Primary limitations of the current review are that it only includes research studies conducted within the U.S. substance abuse treatment field and published after 1998. Although beyond the scope of the current review, diffusion of EBTs is of considerable interest in other fields of research. As this is particularly true of mental health treatment (e.g., Aarons, 2004
, Gotham, 2004
; Henggeler, Melton, Brondino, Scherer, & Hanley, 1997
; Schoenwald, Sheidow, Letourneau, & Liao, 2003
) it behooves substance abuse treatment researchers and clinicians to familiarize themselves with these types of related research. Additional limitations of the findings of the current review include use of cross-sectional survey methods, low survey response rates, and heavy reliance on respondent self reports.
4.2 General conclusion and future directions
As discussed previously, significant progress has been made in the advancement of knowledge regarding EBT diffusion research within substance abuse treatment. Nonetheless, there remains considerable opportunity for further study. In particular, there is a need for more experimental or quasi-experimental studies which test different methods of improving the adoption and/or implementation of EBTs. One of the best examples to date, which was previously reviewed in Walters and colleagues (2005)
systematic review of the effectiveness of workshop training for psychosocial addiction treatment, was a study by Miller et al. (2004)
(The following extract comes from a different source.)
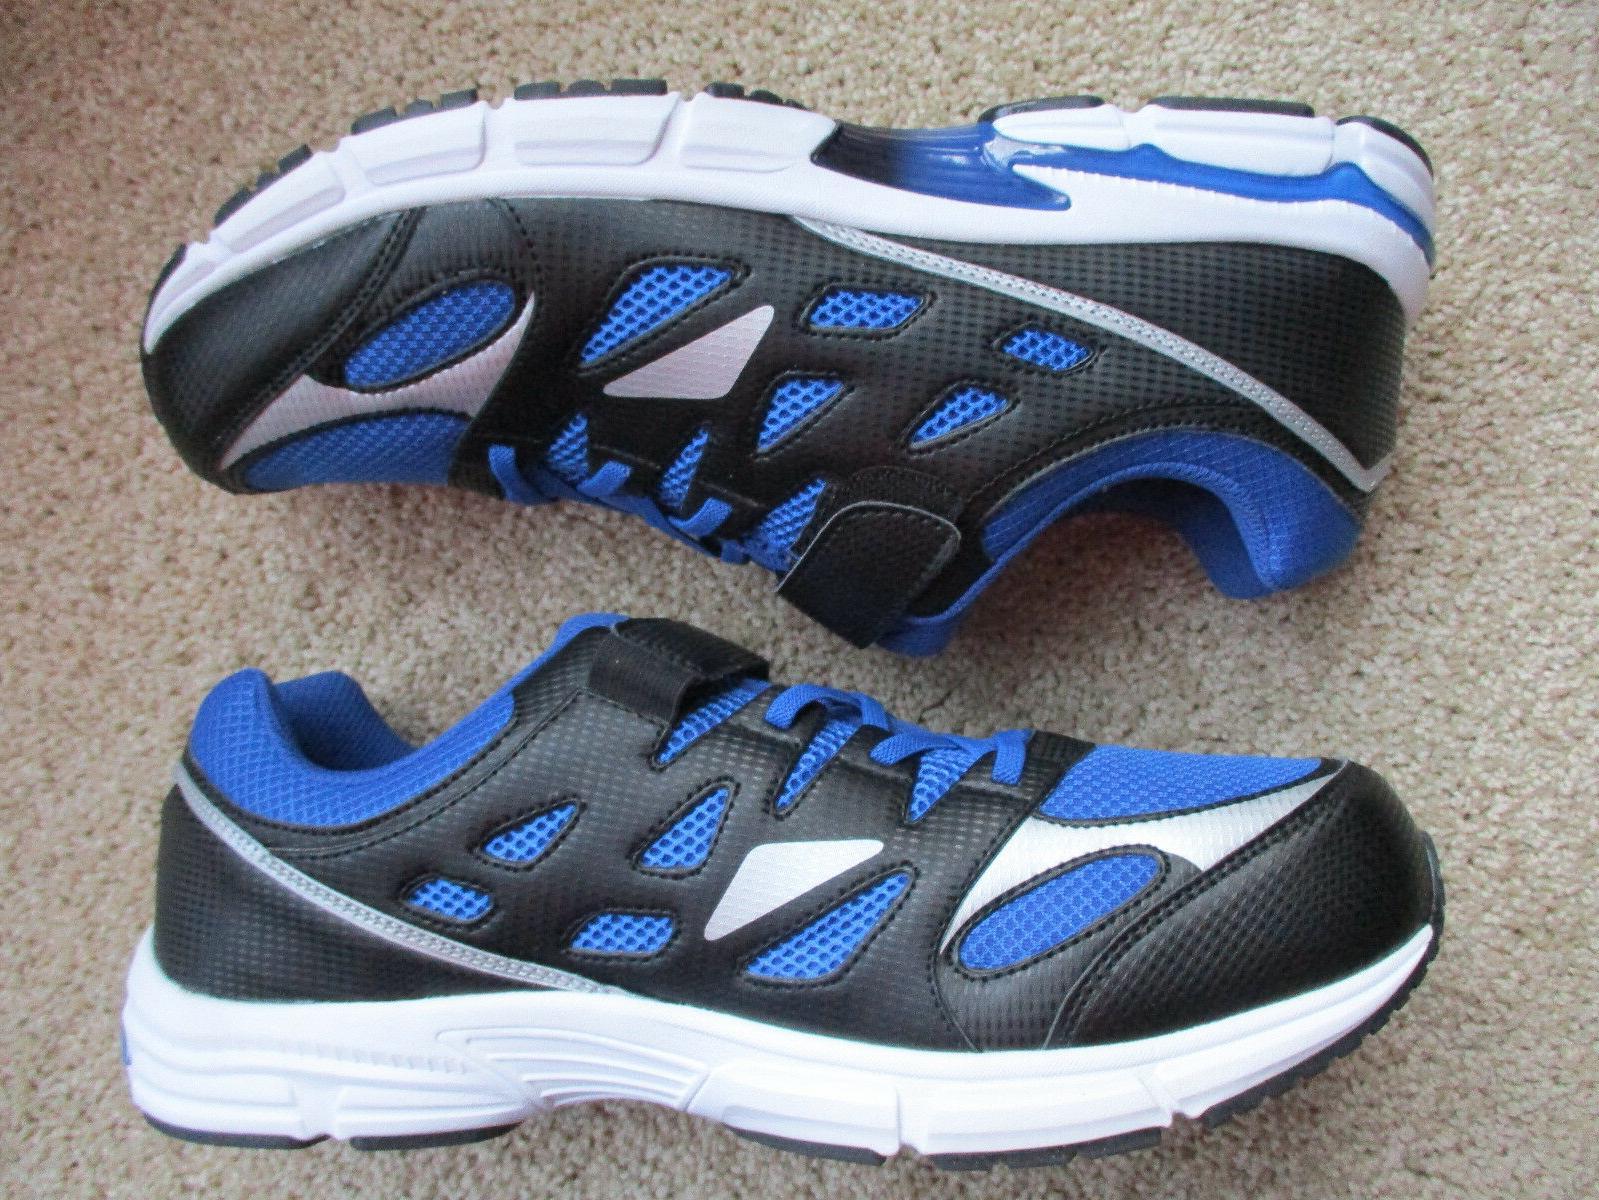 Brand New Men's tennis shoes #10797

. Using a randomized design, Miller and colleagues tested four methods to help therapists learn Motivational Interviewing (MI). These conditions included 1) workshop only, 2) workshop plus practice feedback, 3) workshop plus individual coaching, and 4) workshop, feedback, and coaching. Overall, results of their study indicated only clinicians in the full training condition (i.e., workshop, feedback, and coaching) showed significantly better client responses compared to baseline.
Related to the need for more controlled studies on methods to improve the diffusion of EBTs is the need for better measures of adoption and implementation. To date, diffusion research has relied heavily on “yes” or “no” self-reported responses, with little, if any, external verification of the validity of such reports. Although reliance on self-report remains far from perfect, such methods are at least much more suited for studies of EBT adoption than they are for studies of EBT implementation given the latter generally require more information about the extent of and/or quality of implementation (i.e., implementation fidelity). Indeed, among the studies included in this review, only a couple (Henggeler et al., 2008; Liddle et al., 2006
) used an implementation measure to collect this type of information. Thus, in sum it is concluded that in order for the field of substance abuse treatment to further advance its knowledge about how to best diffuse EBTs, future research needs to develop psychometrically sound measures of adoption and implementation, and more importantly use these measures to develop and experimentally test different diffusion interventions. Additionally, future researchers are encouraged to employ mixed methods (integration of both quantitative and qualitative method), which also has been recommended by others (Dennis, Fetterman, & Sechrest, 1994
; Dennis, Perl, Huebner, & McLellan, 2000
). Use of methodologically rigorous experimental or quasi-experimental design, psychometrically sound instruments, and integration of quantitative and qualitative data collection should hopefully lead one day to the field having not only EBTs, but evidence-based diffusion practices.